映画は好きだったけど、演劇は映画に敵わないとずっと思っていたから、そう簡単に引き受けるはずがないのにどうして僕は引き受けちまったのか?その答えは大学時代にあったのです。(正直どうでもいいですよね、こんなの…でもまぁ少し我慢してくださるとありがたいです。)


大学のイスパニア語(スペイン語)会話クラブでは、関西スペイン語連盟の語劇コンクールに毎年参加していた。しかも当時アルバレス教授の意向で古典劇をやりなさいと言われていて、ロペ・デ・ベガやカルデロン・デ・ラ・バルカの古典劇を上演していた。(めっちゃ簡単にご紹介するとスペインのシェイクスピアみたいな存在)部員たちは現代劇をやりたがっていたのだが、仕方なかった。そこで僕は初めて道化役を割り当てられて、ほぼ初舞台を踏んだ。練習中はうまく行かずに悩んだりした。しかし合宿の時になんか頭がクリアになって、かなり思い切ってパントマイム的な動きを取り入れて動き回ったら、見ていたみんなが爆笑していて、それが快感になったことは間違いない。コンクールでは現代劇に敗北をした。もちろんそれだけではなかったと思う。(審査員の一人がExceso de pantomima.と評価したらしいことを聞き、自分の演じた道化の演技が過剰だったのだと知らされた。)うちの大学は次の年に現代劇を上演して優勝したと聞き、複雑な想いをした。
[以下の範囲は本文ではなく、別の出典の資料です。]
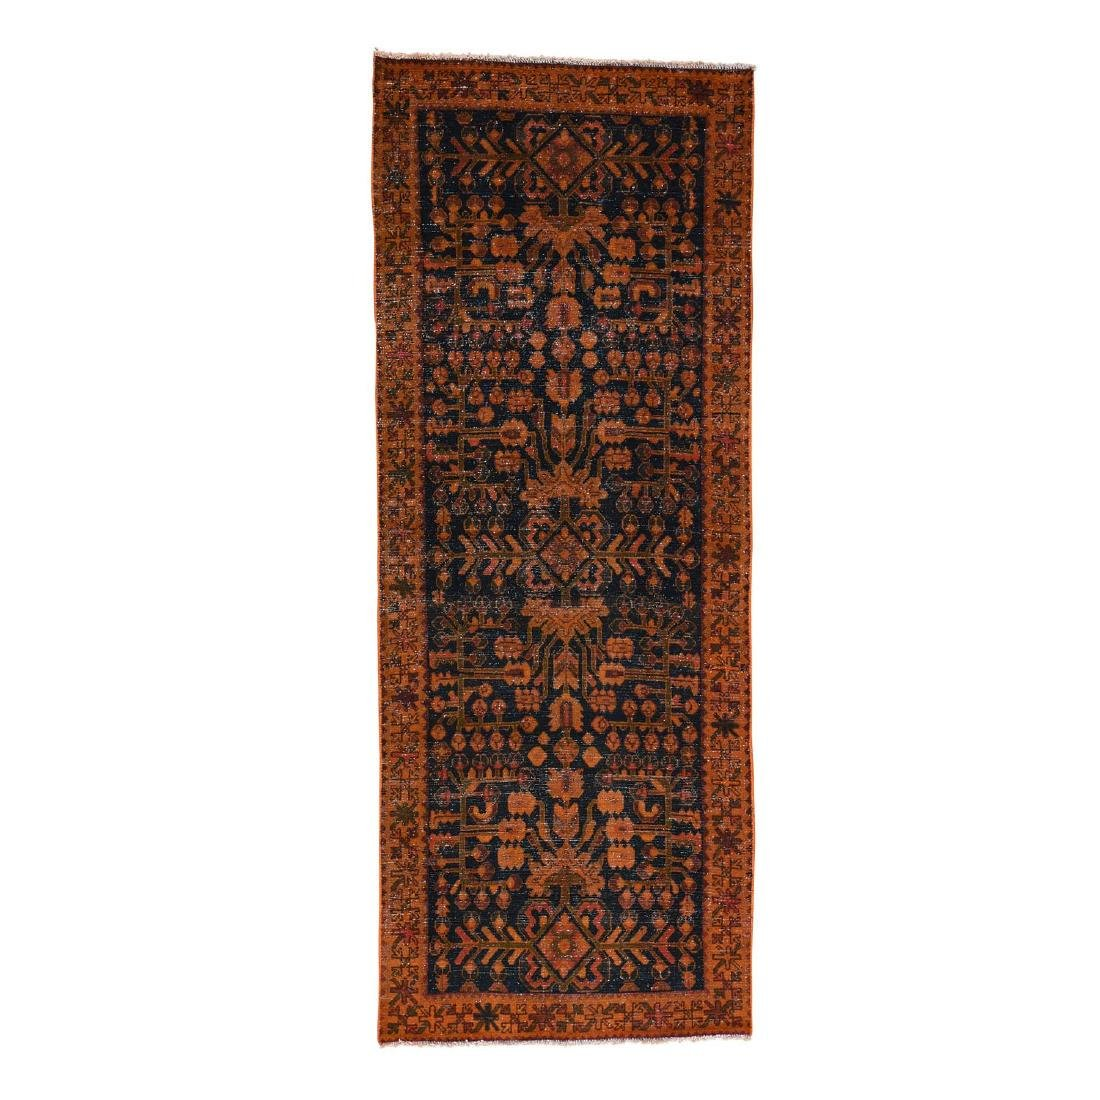 Handmade Persian Lilahan Vintage Runner Rug 3.7x9.4

友人が大学の演劇サークルに所属していたので、ノルマだからと頼まれて、チケットを買って観に行ったことがあった。作品は別役実さんの不条理劇だった。別役さんの台詞回しと独自の世界観に驚愕した記憶がある。難しいが面白いという印象だった。


これを因縁と言わずして何というだろうか?僕が演劇に関わるに至った出来事はこのいくつかのファクターに集約できるのだろう。あの時、引き受けなかったら…という強烈な仮説こそ全てだと言えるかもしれないが、おそらく僕は首を縦に振ってる。


人生って本当に不思議だなぁ。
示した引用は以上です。